Task to carry out: The listing below must be returned in full and unchanged, without the images it carries.

======== Supplied material ========

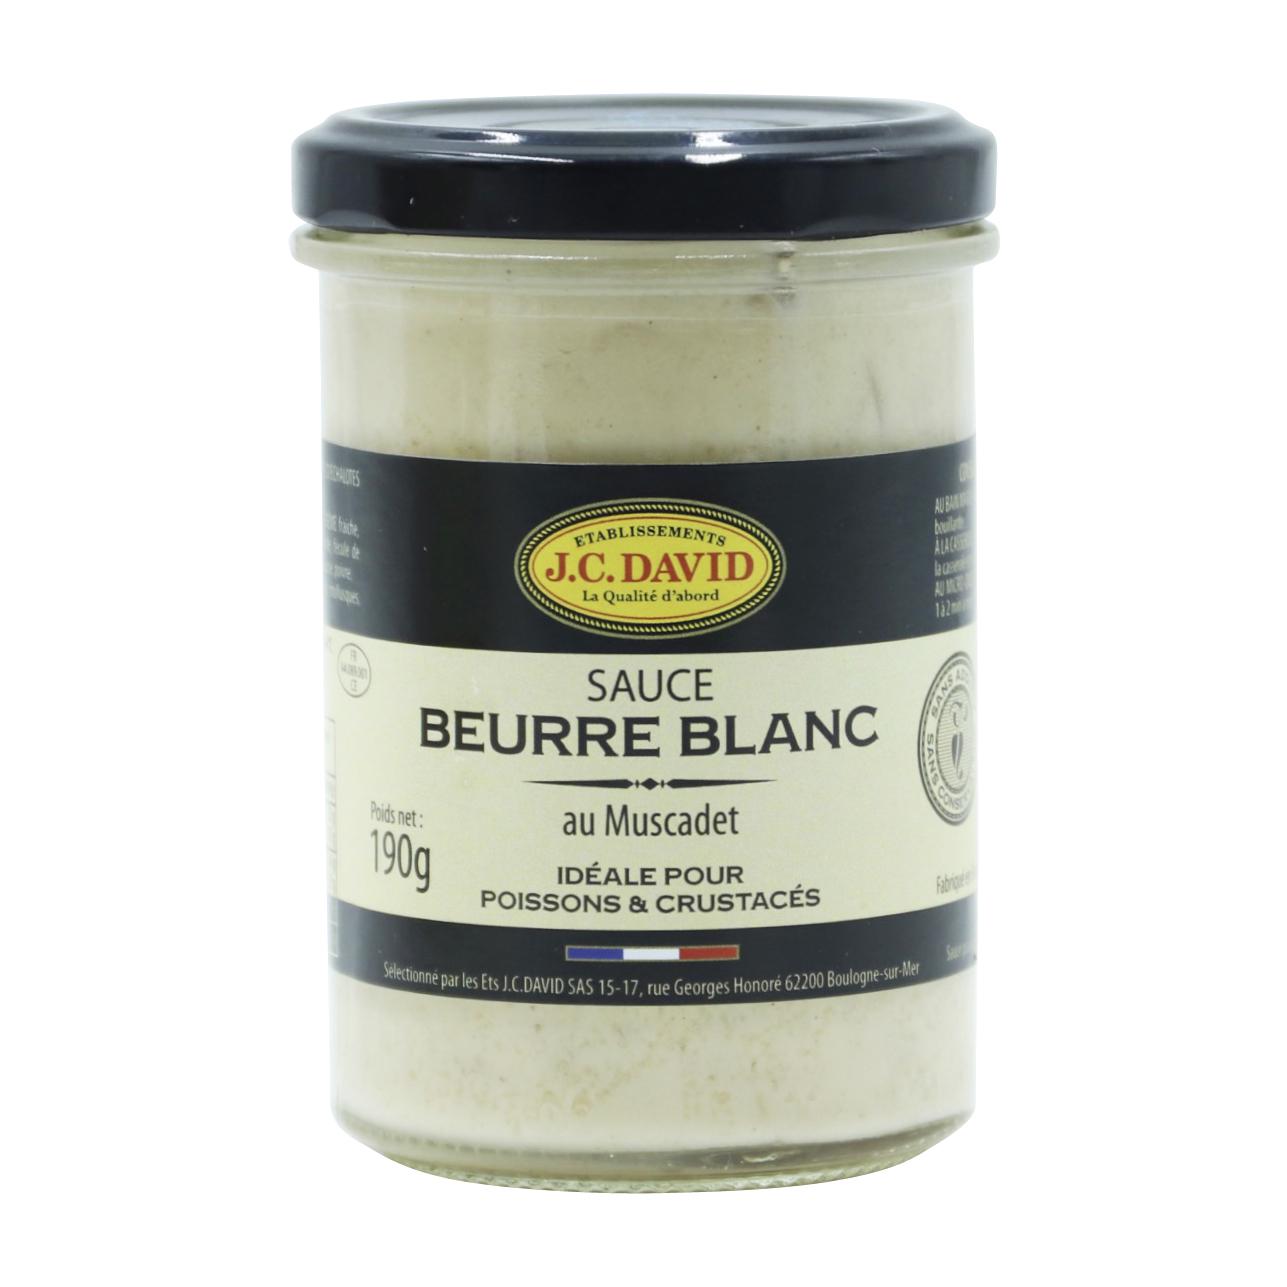 SAUCE BEURRE BLANC - 200g
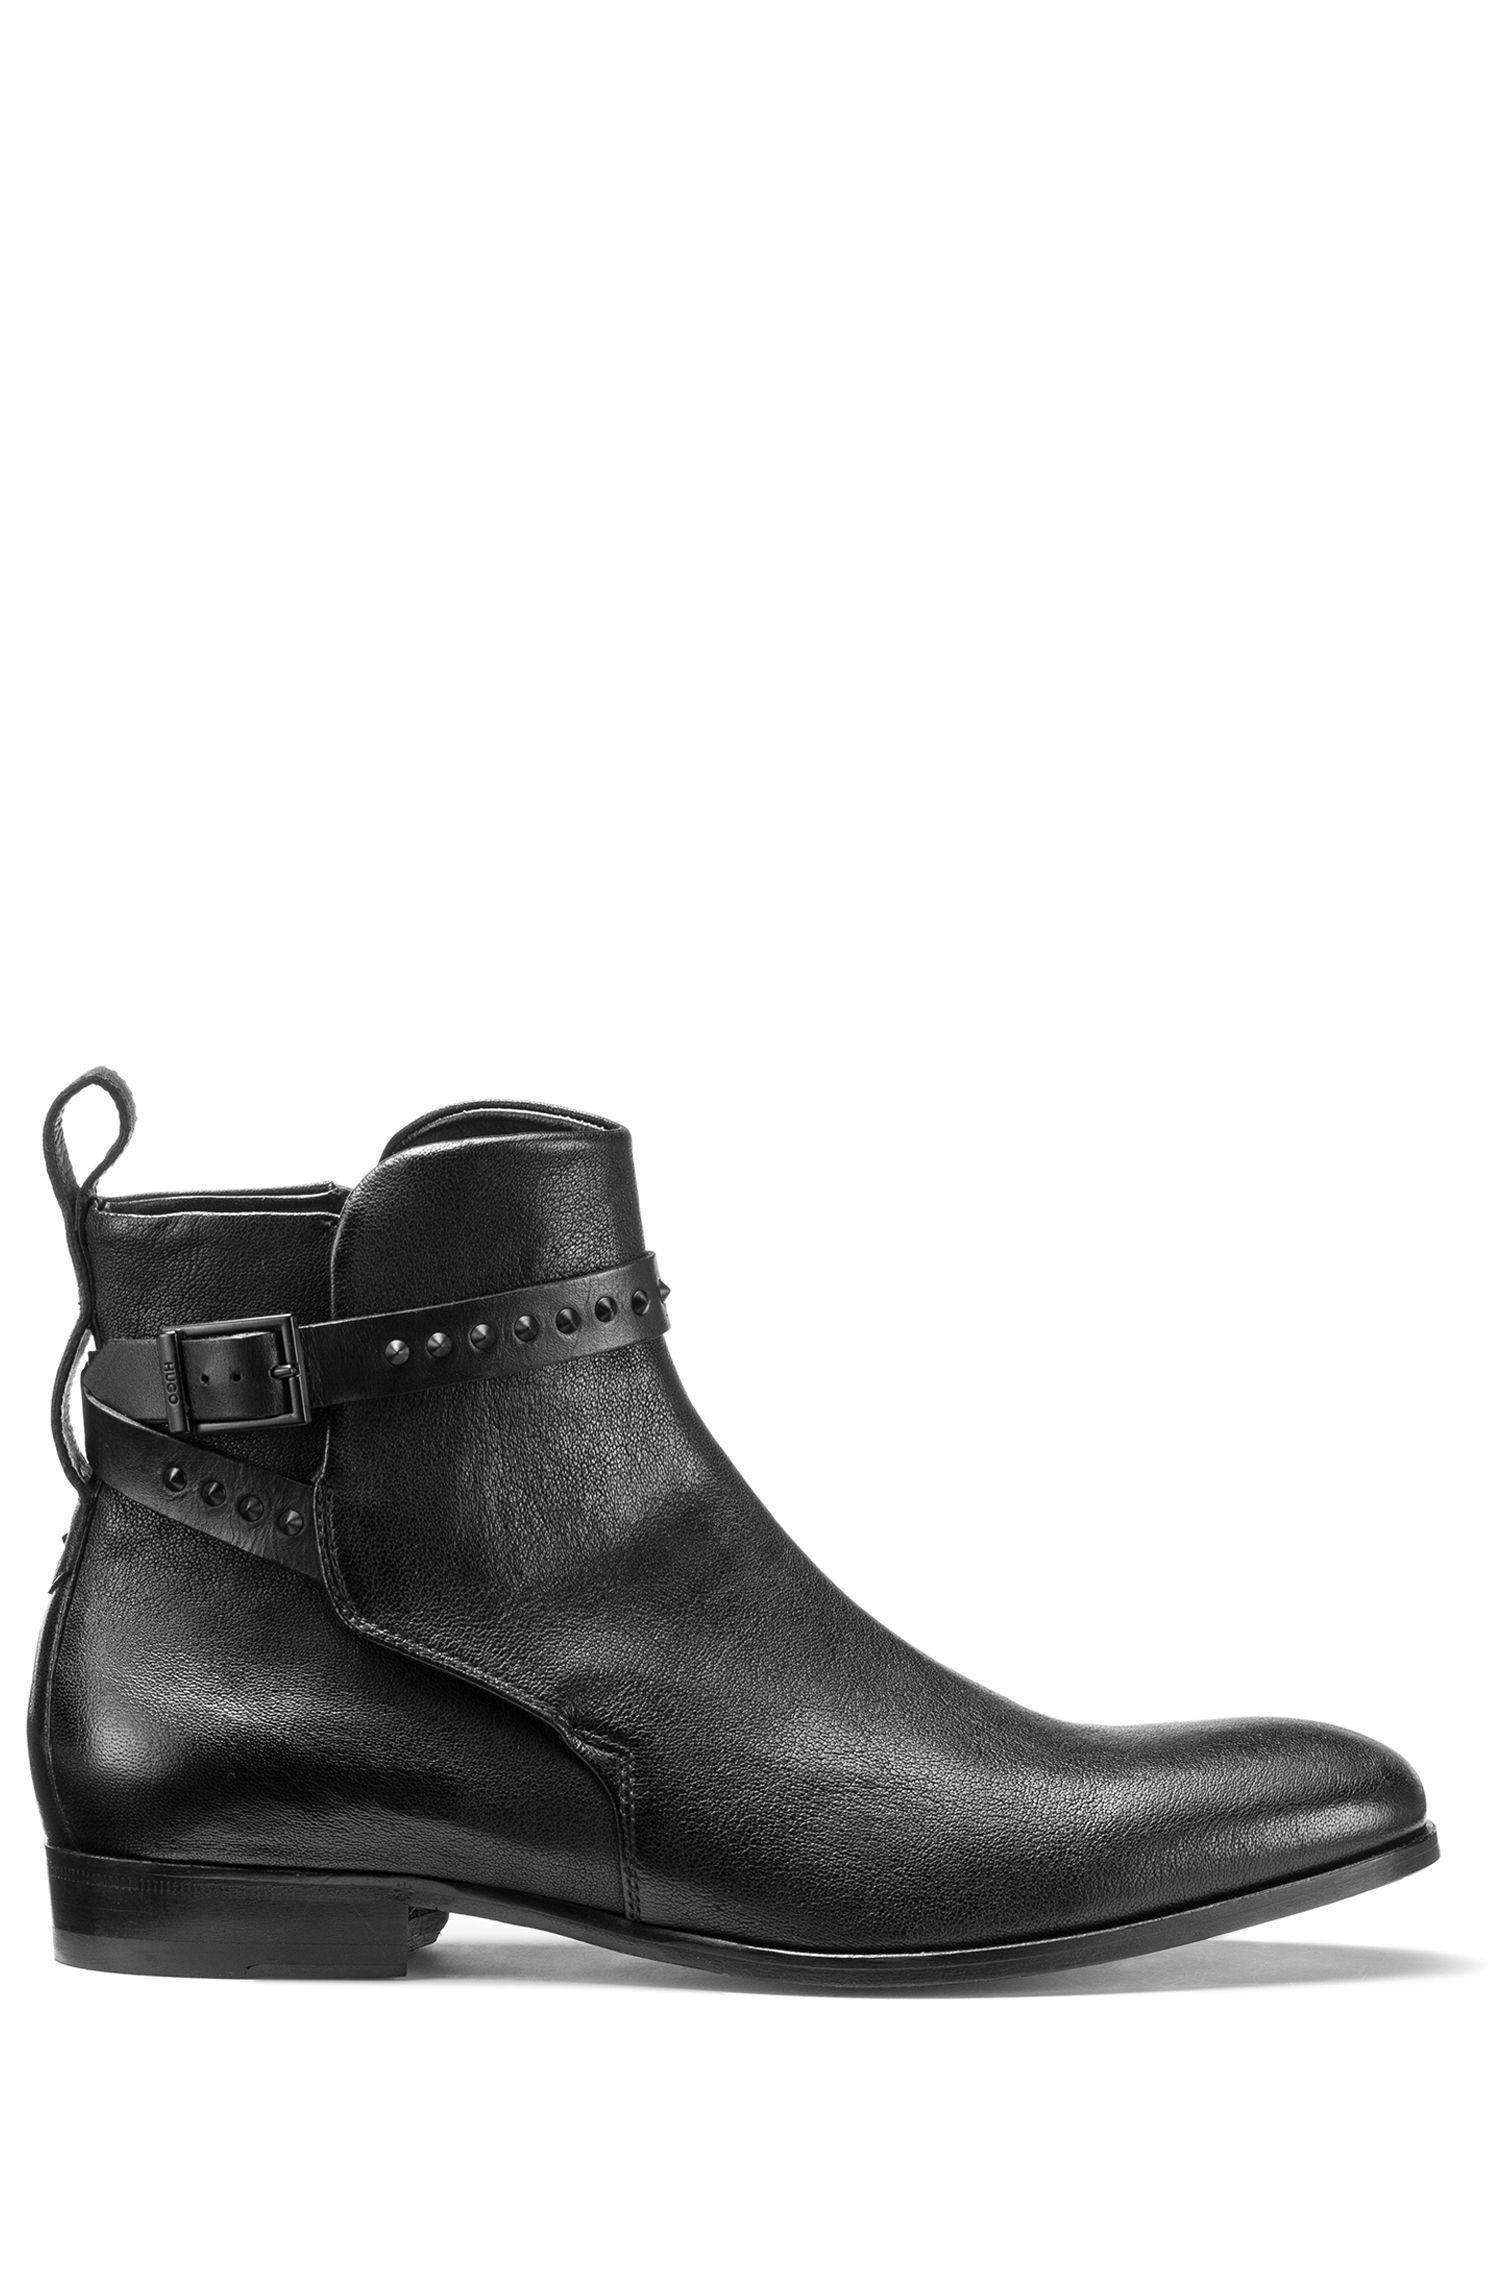 Chelsea Boots aus gewalktem Leder im Reiter-Look
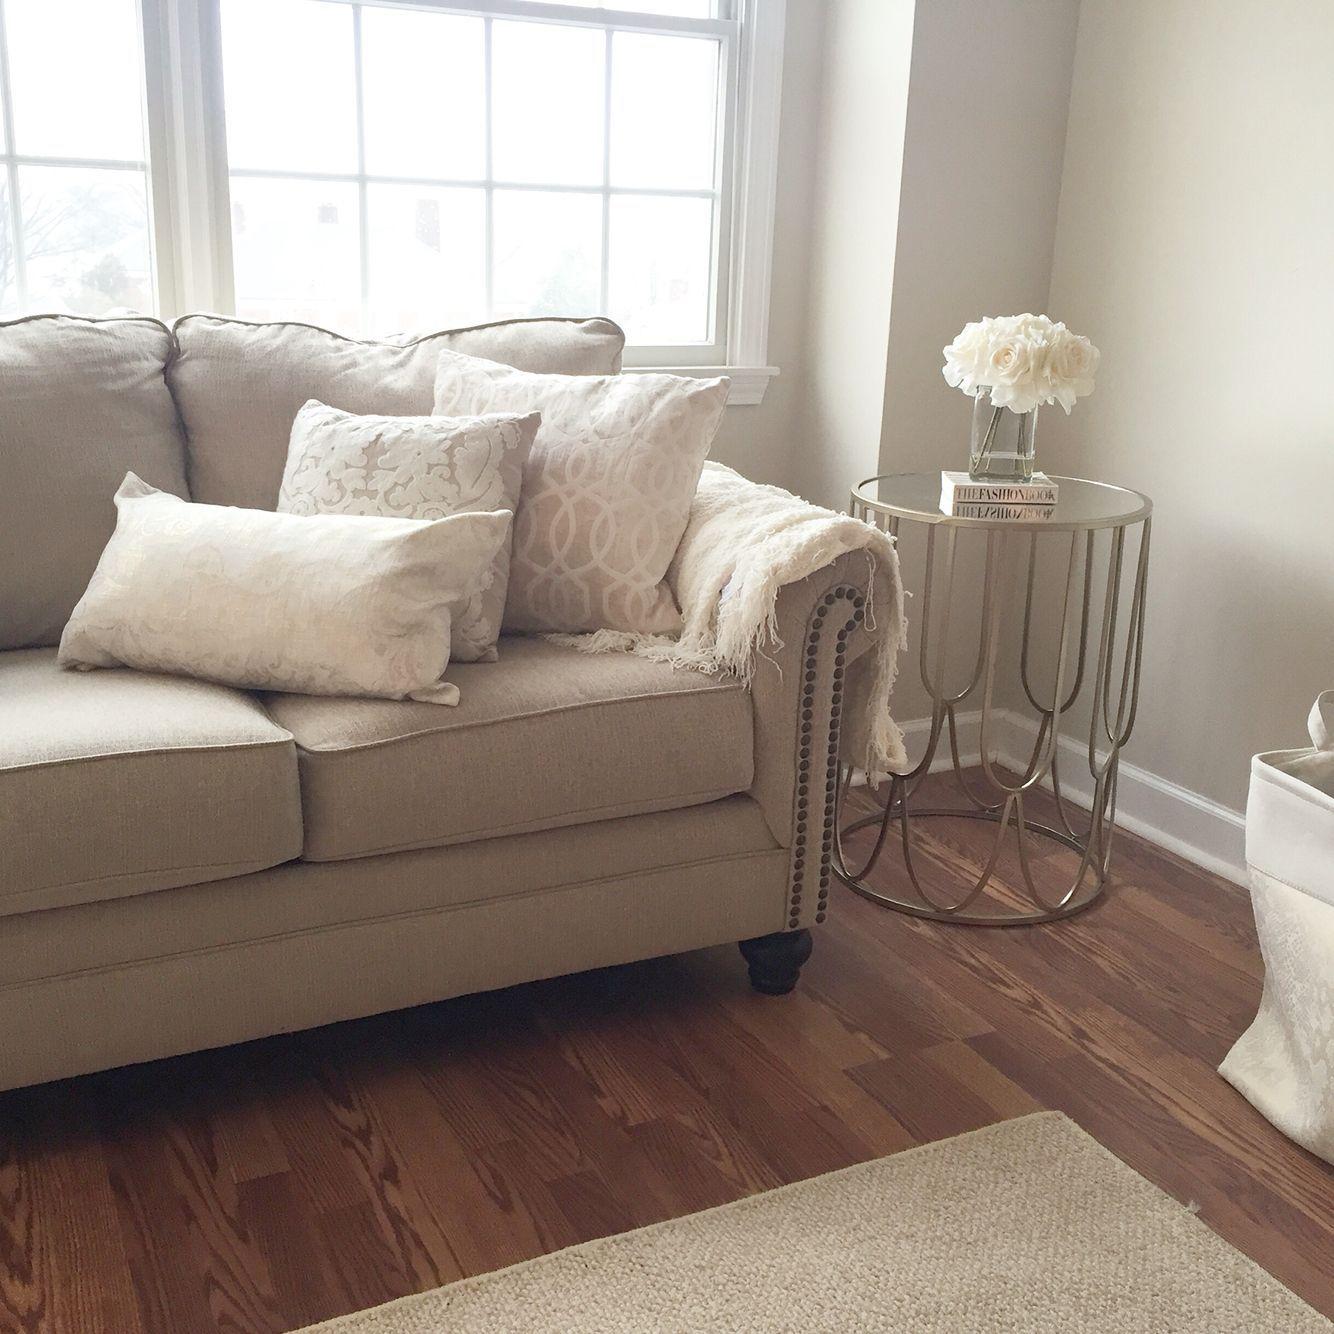 Cozy Living Room Warm Beige And Whites Paint Color Calico Cream Sherwin Williams Milari Sofa In Cr Beige Couch Living Room Living Room Warm Tan Living Room

========

Response to the exercise:
 SAUCE BEURRE BLANC - 200g
 Chelsea Boots aus gewalktem Leder im Reiter-Look
 Cozy Living Room Warm Beige And Whites Paint Color Calico Cream Sherwin Williams Milari Sofa In Cr Beige Couch Living Room Living Room Warm Tan Living Room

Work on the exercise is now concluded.